The book’s spine is the argument that official dismissal was a policy rather than a finding, and here it works mostly from documents. General Nathan Twining’s 1947 letter calls the discs “something real and not visionary or fictitious”. Project Sign’s classified “Estimate of the Situation” reportedly concluded the craft were interplanetary before the study was renamed and redirected. Project Blue Book logged 12,618 reports with a stubborn unexplained minority while its consultant, astronomer J. Allen Hynek, mocked the “It can’t be, therefore it isn’t” mindset he saw inside it. The CIA-commissioned Robertson Panel of 1953 recommended managing public perception; in Hynek’s words, in convening the panel the CIA was “fearful not of UFOs, but of UFO reports”. The Condon study that ended Blue Book is remembered here mostly for its project coordinator’s “trick” memo. And running underneath, the 4602d Air Intelligence Service Squadron, Project Moon Dust and Operation Blue Fly, tasked in the declassified record with recovering “descended foreign space vehicles”, show a collection apparatus operating while the public line was that there was nothing to collect.

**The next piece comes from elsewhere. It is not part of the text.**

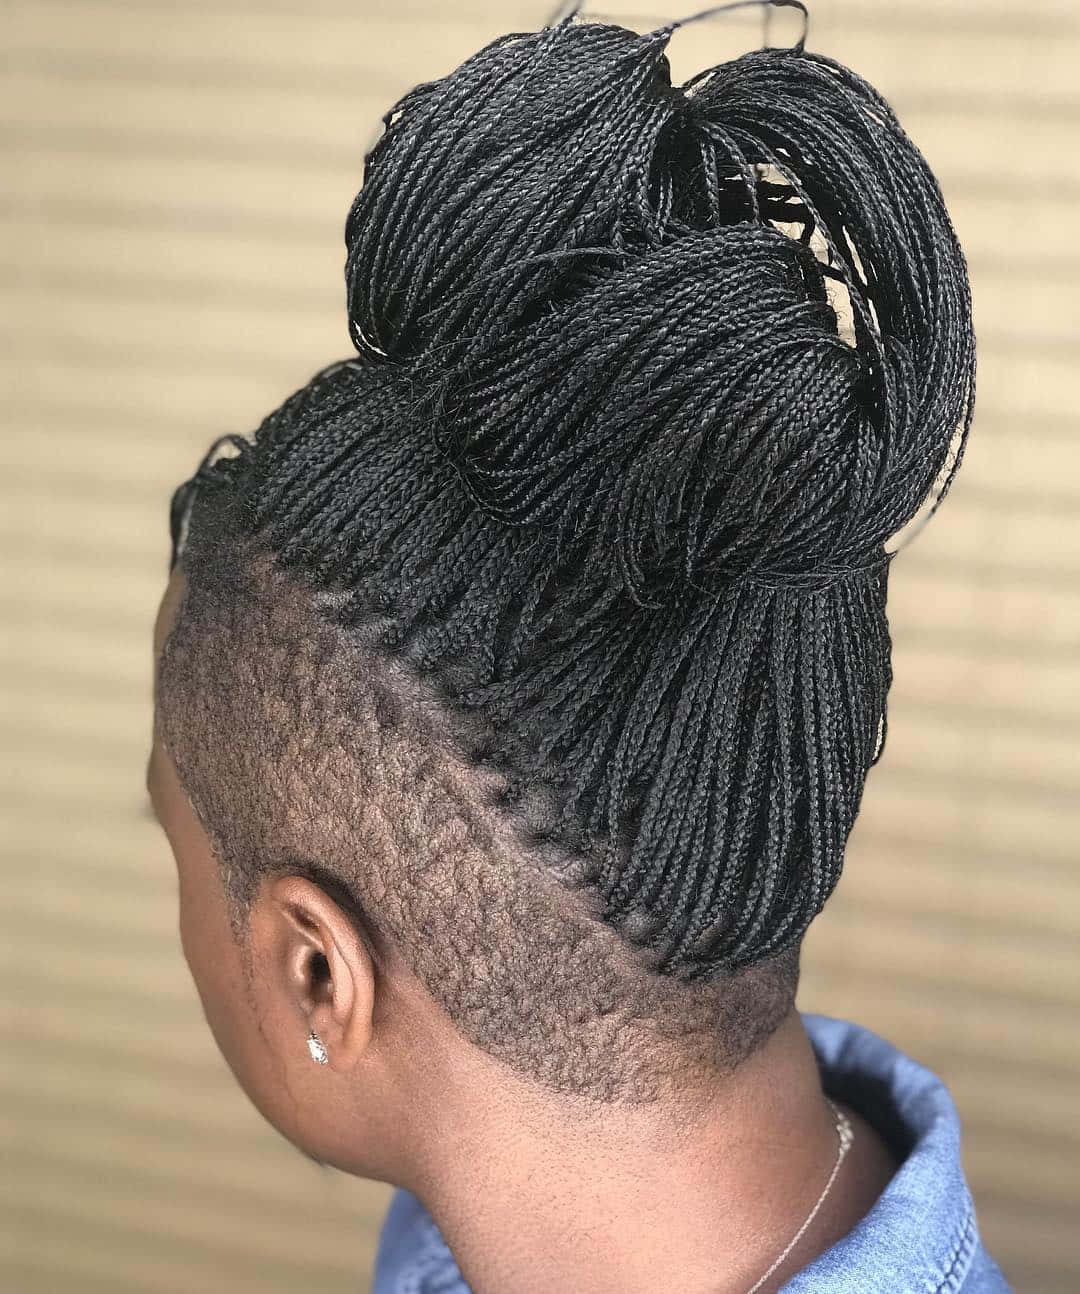 A Woman With Braids In Her Hair

Two threads sharpen the argument. One is Australian: nuclear physicist Harry Turner, working for the Directorate of Air Force Intelligence, argued in a declassified paper that US ridicule was deliberate, designed to allay public alarm and protect classified programmes, and his push for a scientific investigation was shut down. The other is the nuclear pattern: the book keeps finding sightings clustered over weapons sites, Los Alamos and Oak Ridge in early CIA documents, Woomera and Maralinga in Australian files, the North West Cape base during the 1973 DEFCON 3 alert, the Rendlesham weapons store in 1980, and Soviet nuclear facilities in files that surfaced after glasnost. On the book’s reading the phenomenon shows a specific interest in nuclear weapons and the incidents over such sites are the most tightly held.

The documents in this thread show official seriousness behind public dismissal. What they prove is concern, not craft, and the book is at its most careful when it keeps that distinction visible.

The boldest thread, recovered craft

The most provocative chapters concern the claim that a covert programme holds recovered non-human hardware, possibly inside private aerospace contractors and beyond the reach of presidents and the congressional Gang of Eight. Here the sourcing changes character, and Coulthart says so.

Senator Harry Reid, who created the Pentagon’s AAWSAP programme with $22 million in 2008, tells him he was “told for decades that Lockheed had some of these retrieved materials” and could not get clearance to see them. Physicist Eric Davis asserts crash retrievals outright. Luis Elizondo, who ran the AATIP effort, says on the record that he believes the US holds “exotic material”. The most striking first-hand voice is Nat Kobitz, a former US Navy director of science and technology development, aged 92 and terminally ill when Coulthart reached him, who said he had been read into a programme and that the US had “recovered, several times, alien spacecraft. Or what was thought to be”, and described handling a titanium fragment at Wright-Patterson that appeared cast by no known process. Kobitz died in April 2020; his account rests on his word and Coulthart’s assessment of it.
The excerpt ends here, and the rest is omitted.